A Conversation with Three Super Trader Students

Last year, Van offered his Super Trader students the opportunity to thoroughly learn one of their trading systems by teaching it to other traders.  Several of them took him up on his offer and that’s the origin for the upcoming  Great Super Trader Systems Workshop.  Whether you have an interest in attending the workshop or not, we thought readers would find interesting how these three Super Traders answered the same ten questions.  We hope some of their comments will help you generate some trading ideas of your own.  Enjoy.

Mark McDowell

Q.  What are your thoughts about the markets right now?Mark

Today, I classify the market as “bull quiet.”  I believe we’re in the midst of a long-term bear market, but I expect that both bull and bear cycles will occur in the context of the overall market.  I believe cycles are shorter during long-term bears than during long-term bulls, so I’m trying to stay nimble and use trading systems that match up with the market type.

Q.  What do you trade?

I trade stocks, ETFs and Forex.

Q.  What kinds of trading systems do you use, and how many do you have in operation?

Currently, I use 1) the intraday system I’ll be teaching at the November workshop; 2) a swing-trading system that enters on pullbacks in a trend; 3) a weekly system based on relative strength in a large set of ETFs; 4) a monthly system based on momentum in a small set of ETFs; 5) and a trend-following system for Forex trading.

Q.  Do you have a preferred style of trading, or do you focus on a particular kind of price movement?

I don’t have a preferred style.  My overall objective is to have multiple systems that are uncorrelated, so I look for different techniques for entries, exits, position sizing, etc. in various markets.

Q.  Why do you trade?

I trade to generate income and save for retirement.  I left Accenture in 2002 and decided to make trading my profession soon after that.  I also have a systems background, so I enjoy developing and trading new systems.

Q.  At what area of trading do you believe you excel? Why?
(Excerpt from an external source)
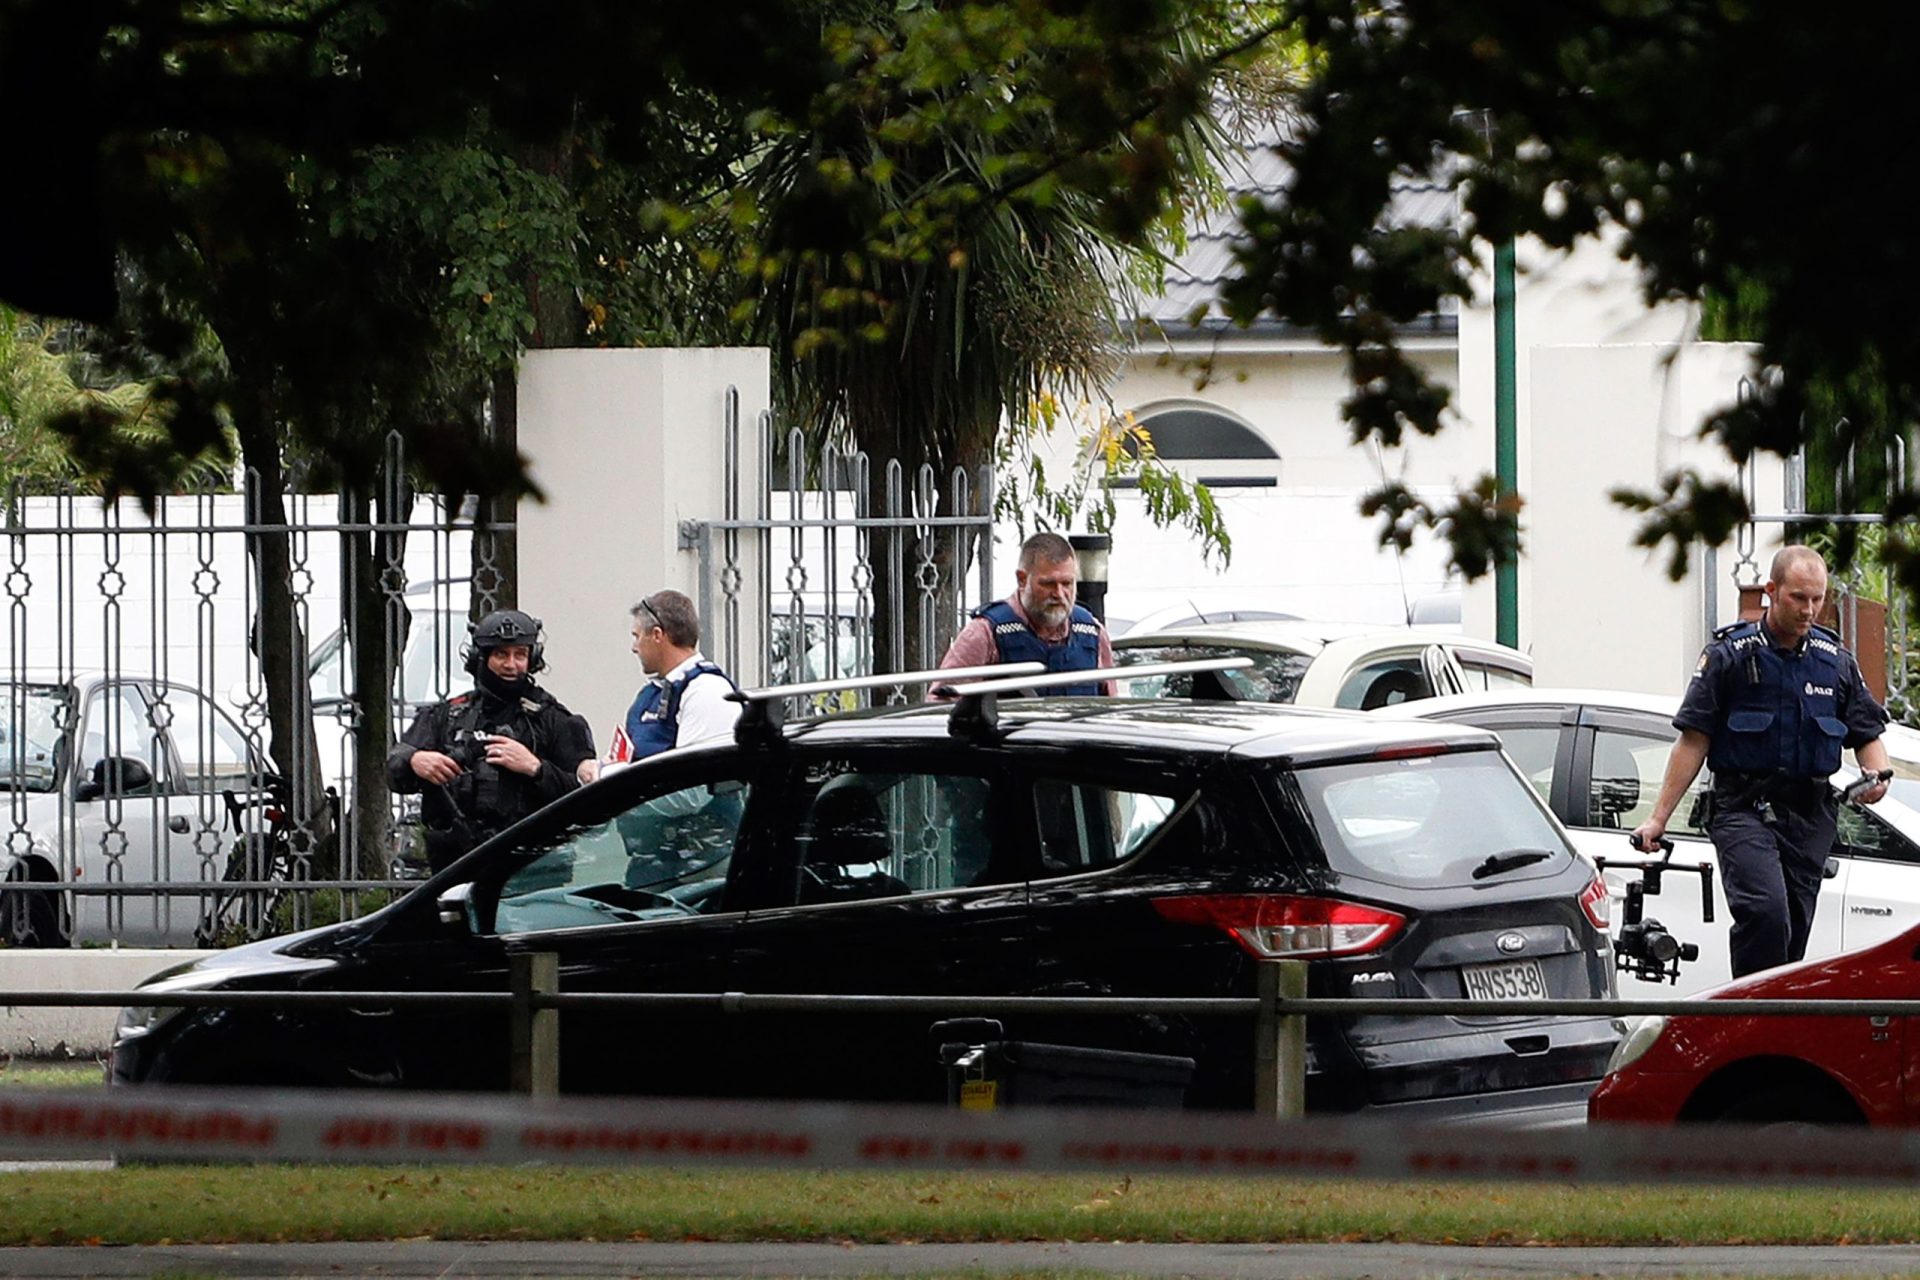 Vídeo mostra momento de detenção de um dos atiradores dos ataques na Nova Zelândia

My strengths are in design, coding and testing trading systems that are more mechanical and less discretionary in approach.  During the last couple of years, I’ve done a lot of research and tried various ways of trading—both mechanical and discretionary—on a variety of time frames.  Currently, I have several systems that are in various stages of design, coding and testing.

Q.  If you could improve one area of your trading, what would it be? Why?

I’d like to improve my ability to read the market so I can adapt more quickly and dynamically to turning points.  In other words, I’d like to become more effective at “trading in the now,” as Van says.  I think it would improve my overall trading results.

Q.  What difference did the Super Trader program make in your trading?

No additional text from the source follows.